Operating a business may be risky if the right asset protection and insurance is not in place to support the sole operator. The extent of their liability is that they are personally liable for any business debt or loss, including taxes. For debt owing to a creditor, a claim can be made against the personal assets of the sole trader, including funds in bank accounts, and the personal family home. Liability on behalf of the sole trader will end when the sole trader has passed away unless a Will provides for the business to carry on.

Should the sole trader cease to operate their business, then there is a statute of limitation of between 6 to 15 years for creditors to make a personal claim. Liability after this time may not apply.

When borrowing funds there may be a linked personal guarantee from the sole trader. When the debt is repaid to the bank, it will remain in place unless the lending organisation agrees in writing for its release. Liability can continue onto the sole trader’s executors and assignors under their Will.

A limited liability company is seen to be a separate legal entity from the shareholders of the company, who are its owners.

Liability on behalf of the shareholders of the company is limited to the amount of the debt belonging to it in ratio to the shares held. If the shares haven’t yet been paid for in full, there is an element of exposure of liability on the unpaid amount. If the company goes into liquidation, assets are sold so creditors are paid back first and then shareholders have a right to a share in the funds raised.

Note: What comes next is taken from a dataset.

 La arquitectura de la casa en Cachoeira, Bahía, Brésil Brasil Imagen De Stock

As liability can be dependent upon many things, directors can still be held personally liable for the company debt if they trade while it is insolvent and if they have given personal guarantees.

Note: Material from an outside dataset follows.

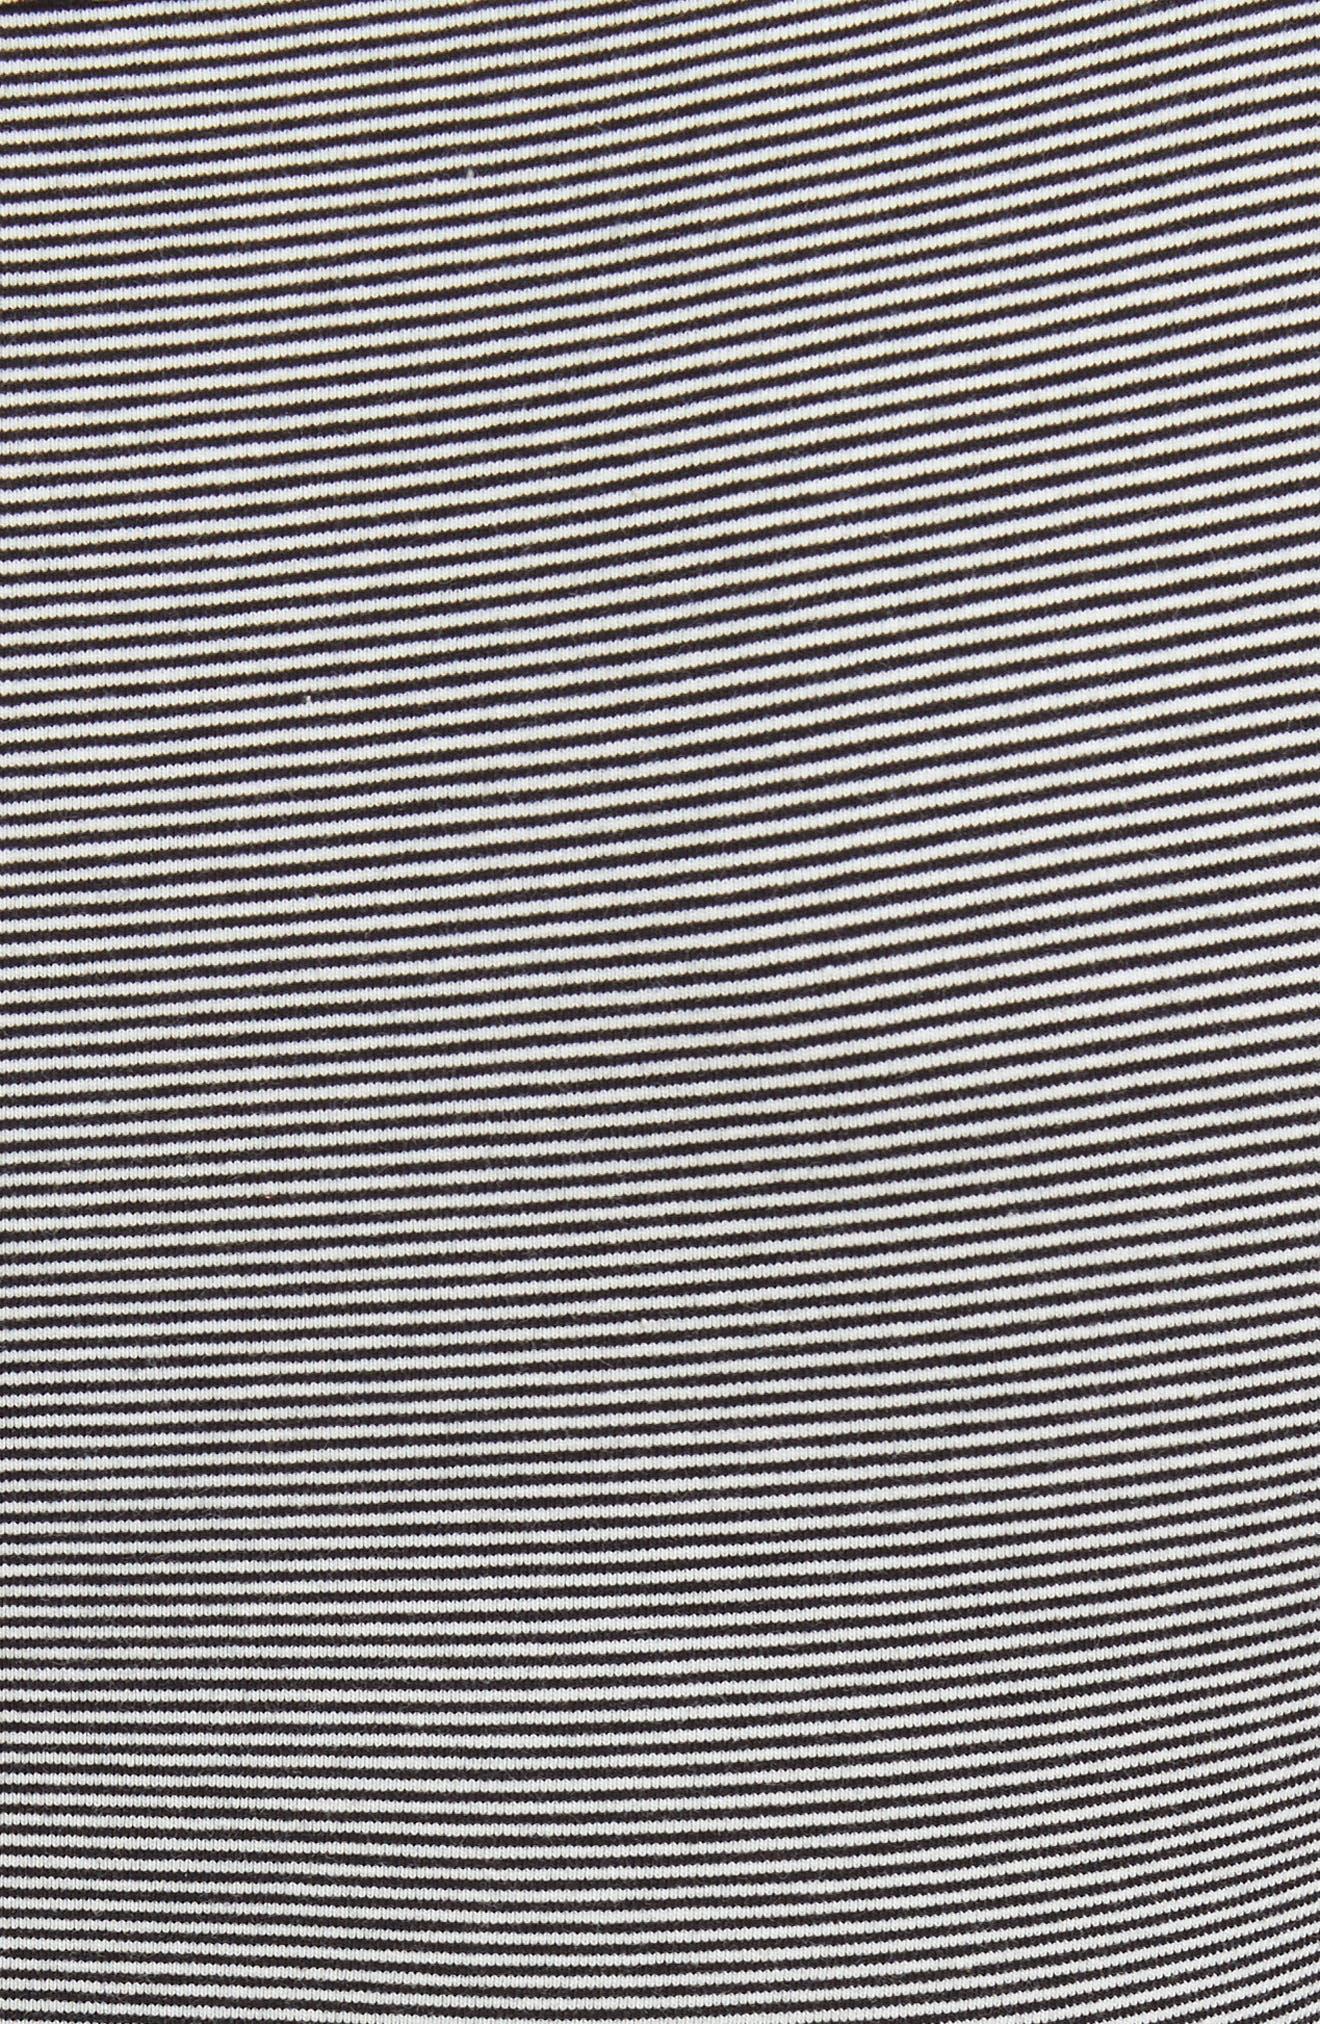 Penelope Ruffle Tee,                             Alternate thumbnail 5, color,                             Black

It is important for directors and shareholders to remember to have personal guarantees released in writing when changing lending institutions or retiring from the company.

Personal liability on behalf of directors may also apply where the directors have not acted in the best interests of the company, and/or have failed to act in accordance with the Companies Act.

If the company is acting in the capacity of an independent trustee of a family trust, liability can be disclosed not to be personal and unlimited. It can be limited to an amount equal to the value of the assets of the trust that are in the hands of that trustee company available to meet the trustee company’s liability from time to time. The relevant time for the purposes of assessing the value of the assets of the trust will be the time of enforcement of any judgment or order against the trust.

It is important when entering a business that you receive proper advice regarding the ownership structure and to consider how much risk and liability you are willing to accept when deciding to become a sole trader, director and or shareholder of a limited liability company.

For advice and assistance, contact Paul Logan or Nicki Hopkinson.

 

How many directors need to sign?

Signing documents that bind a company to obligations and potential liability is a key aspect of being a company director. It is part of the director’s role in guiding and running the company.

While shareholders are required to ratify major transactions and key decisions, on a day to day basis the directors are in control. They can delegate duties to CEOs and managers but ultimately, they have responsibility for directing and overseeing what the company employees do.

Directors sign key documents at the board level, following the constitution of the company. This sets out how many directors are required to sign to bind the company. The mechanics are that if two sign there does not have to be a witness to that signing. Where only one signs, there must be a witness.

Major document signing should be done following a written directors’ resolution relating to that matter.

Usually two directors sign once the resolution is in place. This protects the directors and the company. They have each other’s backs and a clear paper trail of the document signing process.

Authorised signatories may be able to sign some documents either alongside one director or in their place. In these instances, delegation protocols need to be in the relevant background paperwork.